Сказано у поэта: «Бери чаще новую жену, чтобы для тебя всегда длилась весна. Старый календарь не годится для нового года». И старые глаза Синам-аги, утомленные суетой и несовершенством мира, отдыхают на гибких белых телах полонянок. И хоть не подобает правоверному созерцать греховную женскую наготу, так пусть хоть глаза старого Синам-аги утешаются в пути созерцанием славянских рабынь, коли уж тело немощно. Ибо сказано: «Аллах хочет облегчить вам; ведь сотворен человек слабым». Да и что ему, старому Синам-аге, эти шесть пленниц? Может, он и взял их на кадригу разве что для отдохновения очей своих? Вез же в Стамбул, на знаменитый Бедестан, где продаются самые дорогие под луной рабы, молодую белотелую девчушку с волосами червонного золота, отливающими огнем потусторонним, пятнадцатилетнюю, дерзкую, непокорную и – о всемогущество Аллаха единого и милосердного! – смешливую и беззаботную!

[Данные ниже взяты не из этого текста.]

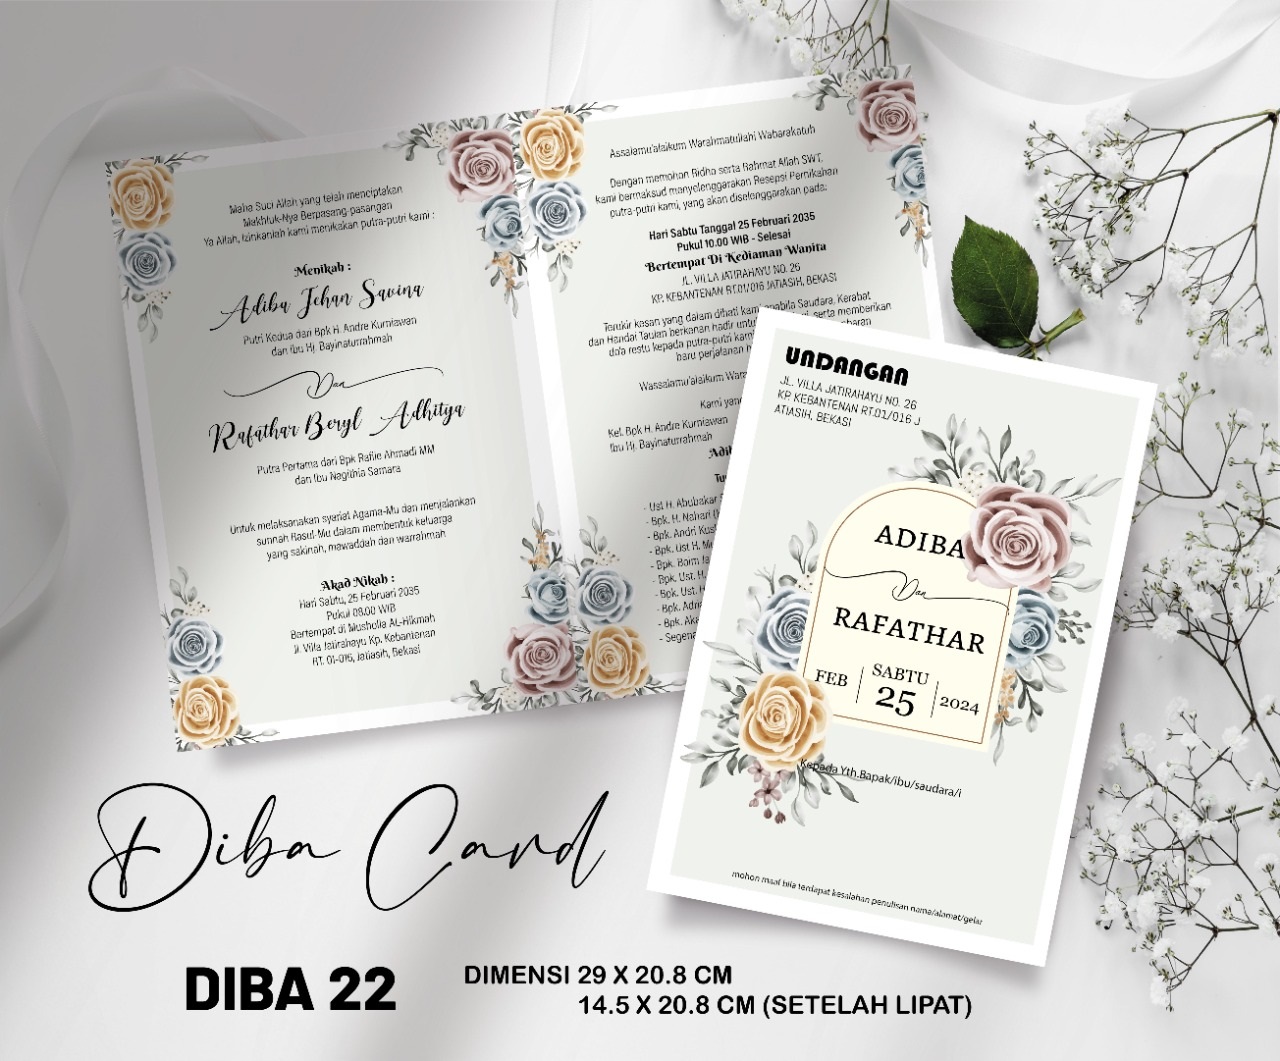 DIBA CARD 22

Девчушка не закована в железо, не прикована ни к кадриге, ни к несчастным своим подругам, не светит она нагим телом, а укутана заботливо в шелка, чтобы тело ее не утратило нежности; жилистый евнух-суданец, посвященный в непостижимое искусство древнего Мисра2
Миср – арабское название Египта.

Натирает девчушку какими-то благовониями, расчесывает ее золотые волосы, а она то шаловливо подставляет себя под это чужеземное лелеянье, то увертывается и летит к борту кадриги так, словно собирается утопиться, и Синам-ага, от ярости меняясь в лице, топает ногами, пронзительно кричит на евнуха, призывая на него страшнейшие кары земные и небесные за недосмотр, а девчушка подпрыгивает-вытанцовывает у самого борта, еще пуще изводя старого агу, да еще и припевает:


Нехай щуки їдять руки,
А плотицi – бiле лице,
Нехай нелюб не любує,
Бiле лице не цiлує,
Нехай пiсок очi точить,
Нехай нелюб не волочить…

– Настася! Не береди душу! – стонут полонянки.

Тогда златовласая девчушка заводит такую тоскливую, что и Синам-ага, даже не понимая языка, опускает голову на тонкой морщинистой шее и тяжко задумывается о своих прегрешениях перед Аллахом:


Ой, повiй, вiтроньку, да з-пiд ночi,
Да розкуй мої да руки-нiженьки,
Ой, повiй, вiтроньку, з-пiд темної ночi,
Да на мої ж да на карiї очi…

Горы подступают к самому морю, настороженно высятся над водой. Море заглядывает в темные ущелья, в широкие устья рек и ручьев, в чащи и леса на склонах. Потом долго тянется вдоль берега плоская равнина, образованная тысячелетними выносами мутных рек, на которых древние греки искали когда-то золотое руно.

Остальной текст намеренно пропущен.